Heureusement, la classe ouvrière, comme toutes les catégories opprimées, a des ventriloques, des souteneurs qui savent la faire parler et parler en son nom : hauts-parleurs du Front de Gauche, hauts-parleurs médiatiques, stratèges du « Retour à l’usine » et de « L’industrie, socle de la puissance » (Le Monde diplomatique, mars 2012). Leur discours ? Les ouvriers n’ont pas le choix, ce sont des victimes, en particulier du chômage de masse et de la précarité, des irresponsables, il est indécent de leur parler des nuisances de leur activité salariée sans leur proposer d’alternative. Les souteneurs font leur pelote sur le dos de leurs protégés et de leur cause qu’ils prostituent, c’est la règle.

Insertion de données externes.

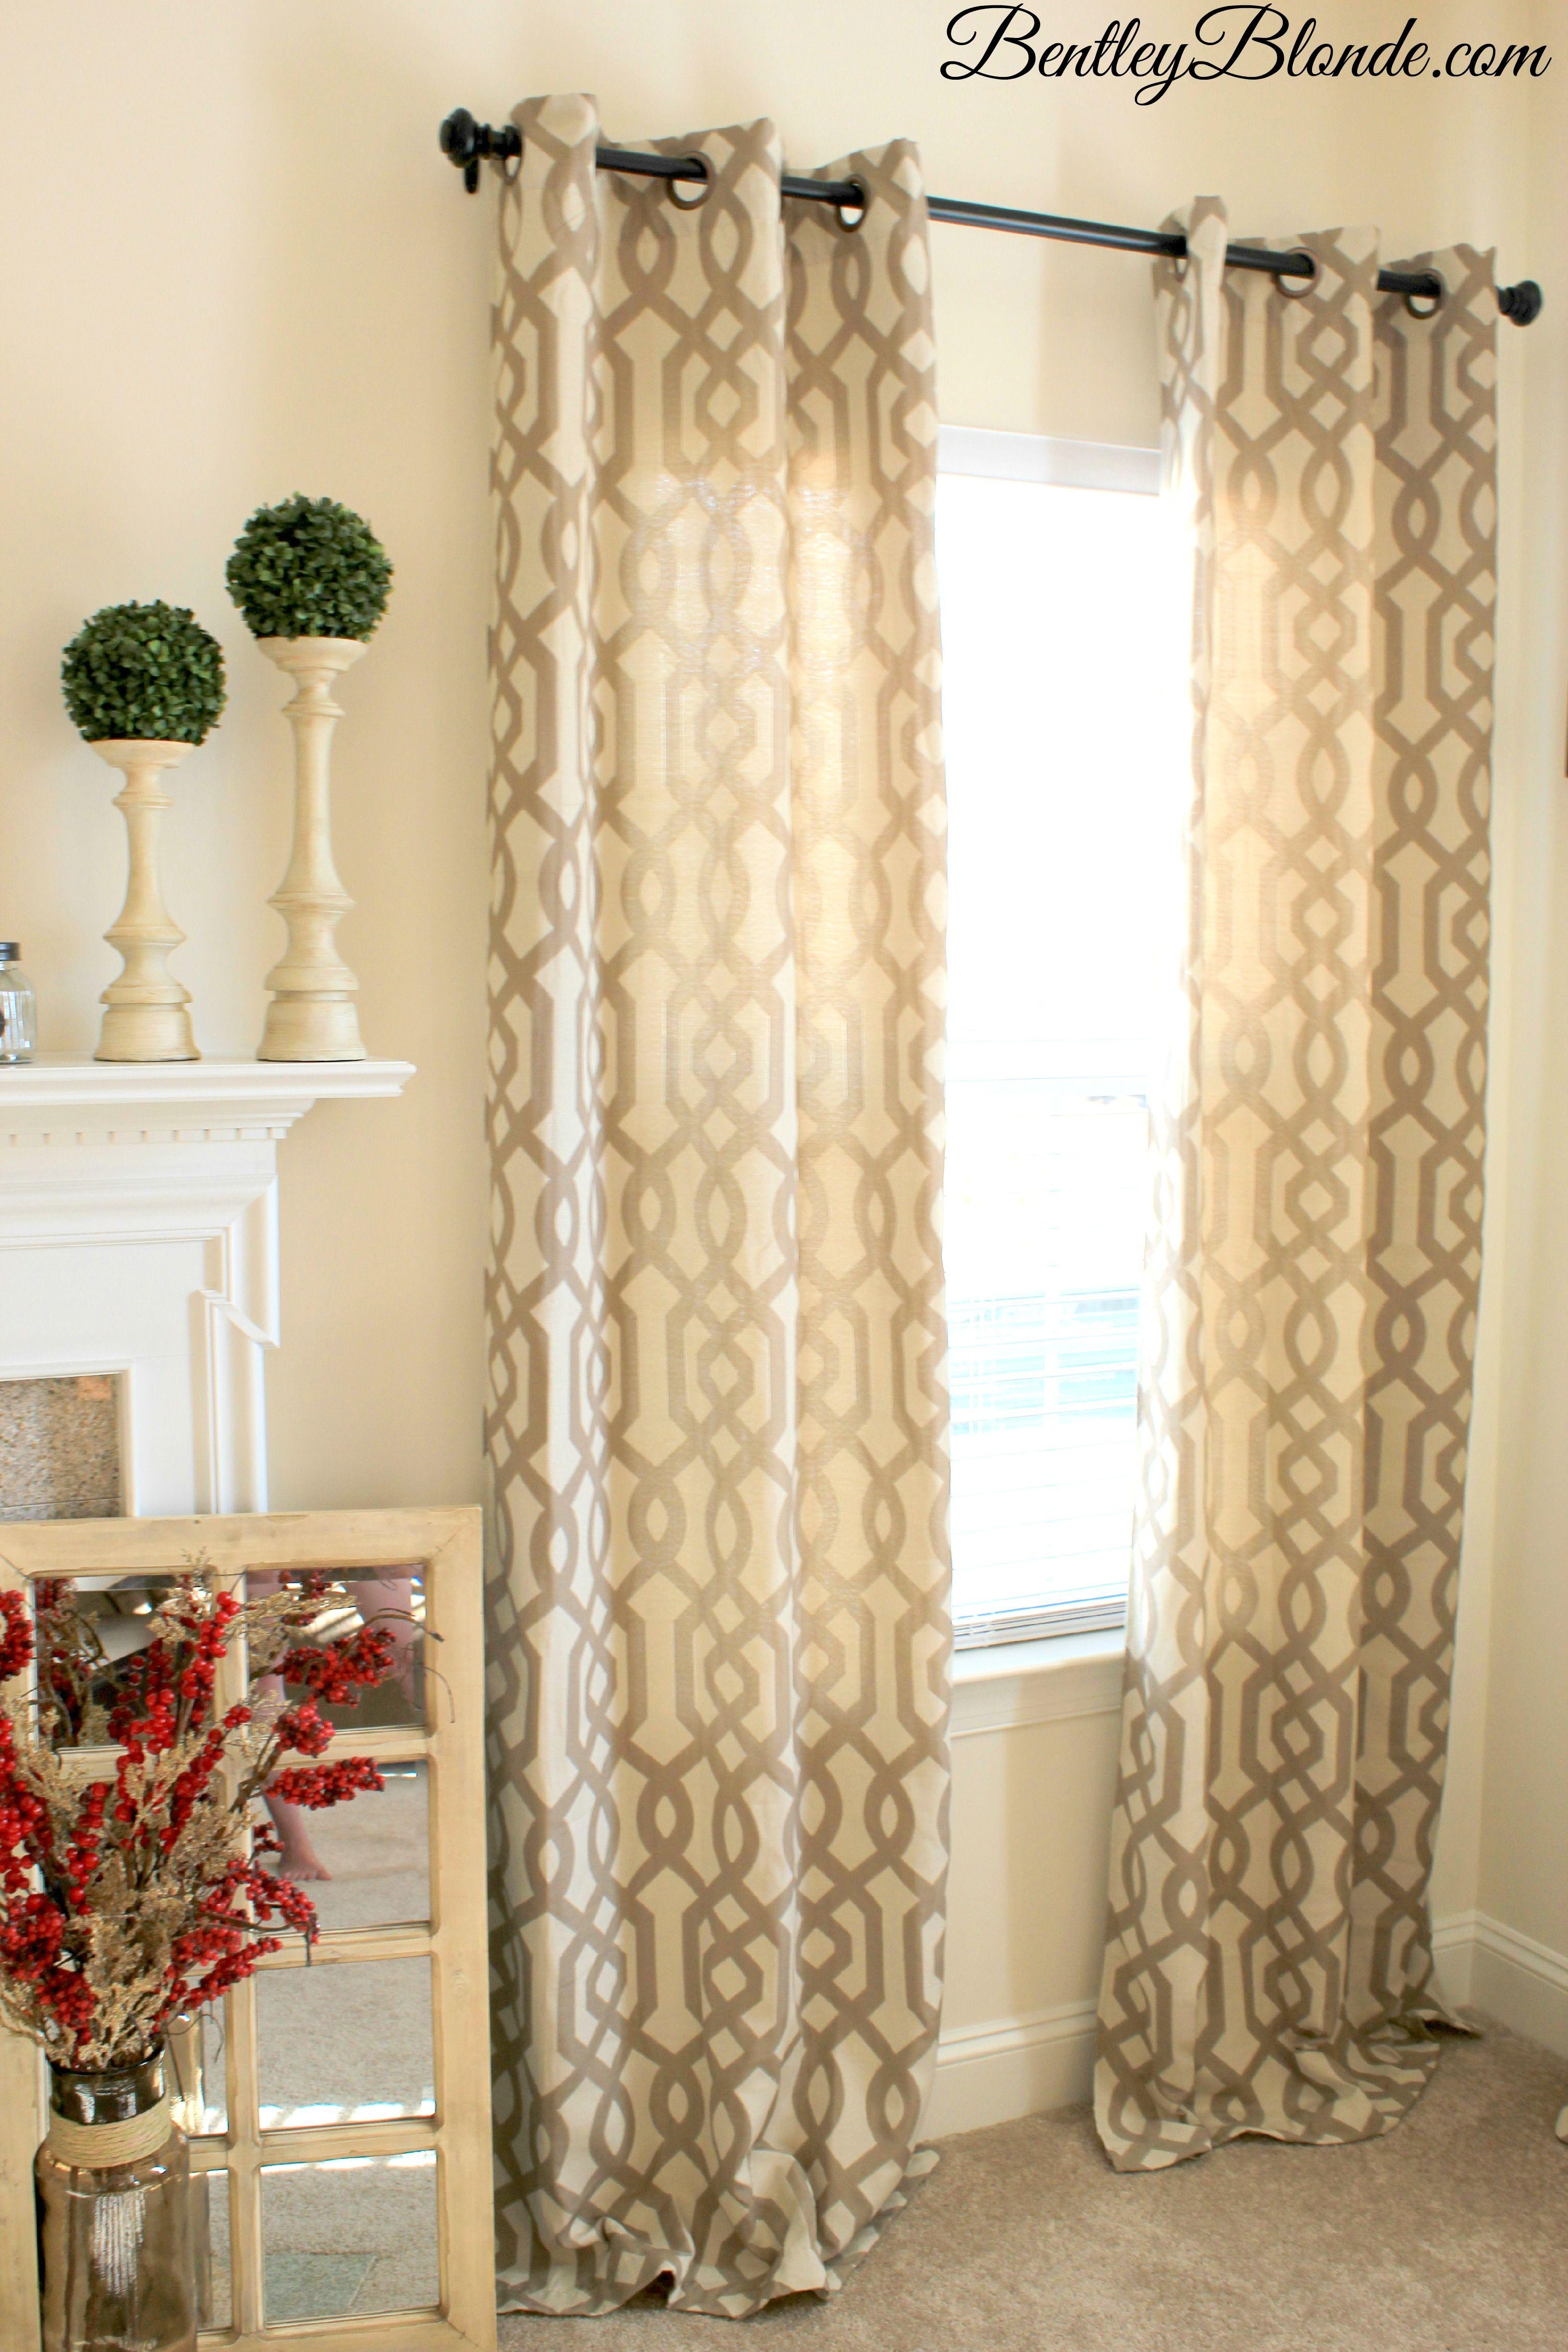 Kirklands Gatehill Curtains Taupe 95 Inch | BentleyBlonde

Parce que nous voulons conserver une autre idée de la classe ouvrière, parce que nous croyons ses membres doués de libre-arbitre, de dignité, de volonté (qu’ils savent manifester pour défendre les pires secteurs d’activité), de capacité de révolte et d’aspiration à l’autonomie, nous leur faisons crédit d’une responsabilité qu’ils doivent assumer. Beaucoup ont déserté la boîte, plutôt que de collaborer. Nous nous reconnaissons dans ceux-là, dans cette désertion à la fois morale et politique. Il ne manque que le nombre pour que cela crève les yeux des plus aveugles souteneurs.

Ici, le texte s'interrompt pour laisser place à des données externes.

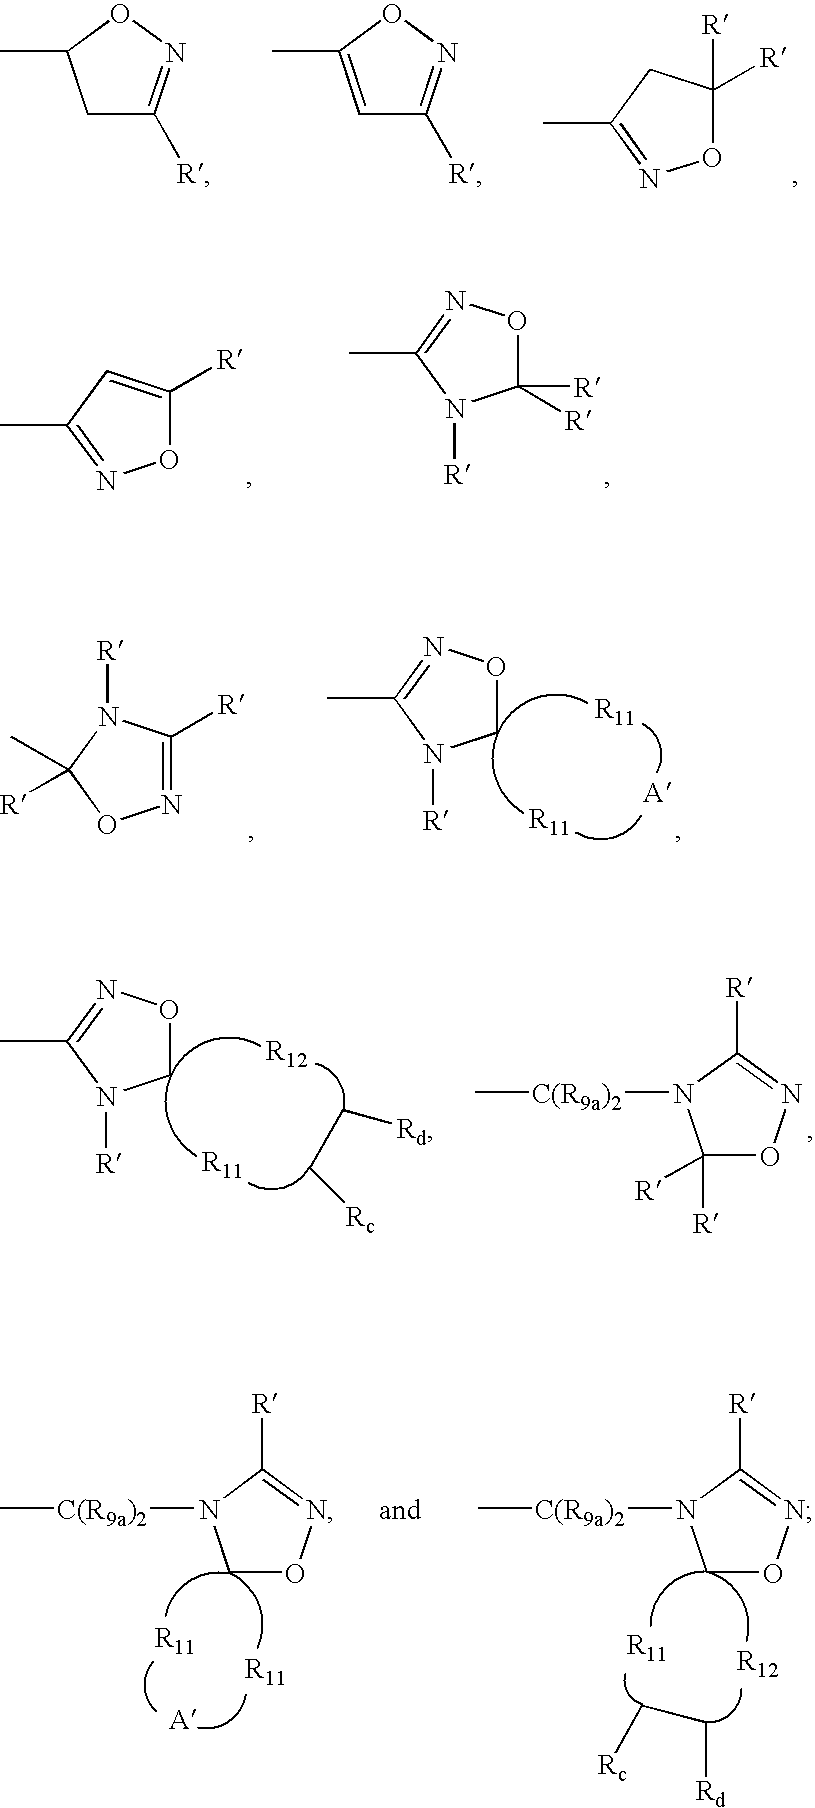 Figure US20070287725A1-20071213-C00168

Dans ces pages, nous rendons au PVC et à ses apologistes tout ce qui leur appartient. À vrai dire, nous n’avons pas cessé de le faire depuis 2002 – date du transfert du phosgène de Toulouse à Grenoble, après l’explosion d’AZF (lire ici). Dans un fielleux pamphlet de 2004, consacré à la fermeture de l’usine Atofina de Brignoud (Du crabe dans l’Isère), nous disions déjà : « quoi qu’on fasse avec du PVC, ça ne vaut pas le foie d’un homme » (lire ici). On voit que nous sommes endurcis dans la calomnie, jusqu’à nos plus récentes dénonciations des nanotubes de carbone – produits par Arkema – qui préparent la prochaine vague de cancers. Logique, puisque le cancer et les maladies neurodégénératives sont le produit de la société industrielle que nous combattons, entre autres pour ce motif. (...)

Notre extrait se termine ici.